A year ago this coming January, my boyfriend of a year and a half and I broke things off because that's the way I wanted it at the time. Our relationship was pretty much a trainwreck filled with awful trust issues, constant crying and fighting...there was absolutely nothing good about our relationship other than the fact that we were completely crazy about each other and loved each other on such a deep level.

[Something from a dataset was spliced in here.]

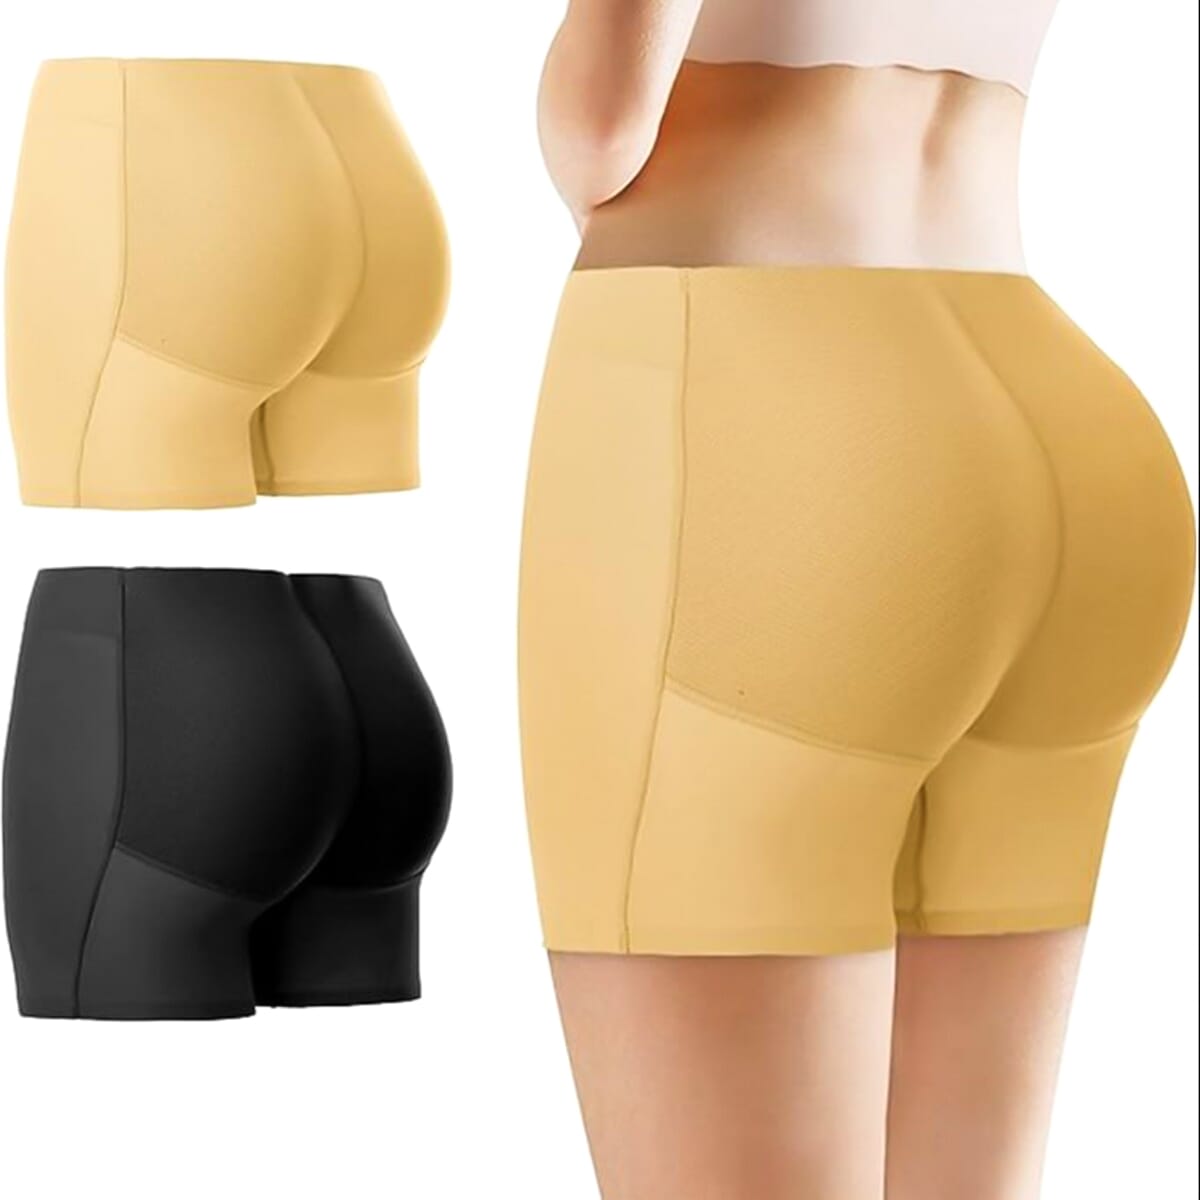 GLAMORAS Nylon Spandex High Waist Seamless Under Skirt Shorts for

To take things back a little bit....Adam and I had been together for almost a year and were living together at the time, hoping our relationship could work out better if we spent more time together (yes, i know, wrong reason to live together). Our first Valentine's day he surprised me with a gorgeous promise ring..which he had never done for previous girlfriends. We broke up just a little bit after our one year anniversary in July, but things weren't completely over. We skirted around our breakup issues for awhile..we still hung out, talked mostly everyday, but he didn't want to be back together and I did. The summer came to an end and I had finally come to terms with the way things were between us. We talked about getting back together and decided a weekend away camping with his family would be really helpful for us and our relationship. Sure enough, the weekend away gave us hope that things weren't over between us and we decided to give it another shot...this was in October of last year. A few weeks back into our relationship I found out Adam had developed an online relationship with some random woman he had met off of a myspace chat room which is hurtful and confusing...he had been so crazy about me and so sure he wanted to be back together. I was so hurt and obviously it didn't help that we had trust issues to begin with...so after many long talks and the two of us crying together (he didn't cry much..but when he did it meant he was passionate about it and in a sad way it made me feel good to know how much he cared), we decided to keep trying, we did not want to give up. After a few weeks of trying and continuously fighting over this mystery woman, I came into contact with her only to find out Adam had called her a few times..while we had been together. I'll admit that Adam having friends who were women did not bother me in the slightest..the fact that this woman was kept secret from me was what I had the issue with. And to be honest, phone calls--ehh not a big deal..but lying about anything is a HUGE deal to me. Anyways...he lied about talking to her over the phone at all and I decided I had had enough...This all took place over October and November of last year (07').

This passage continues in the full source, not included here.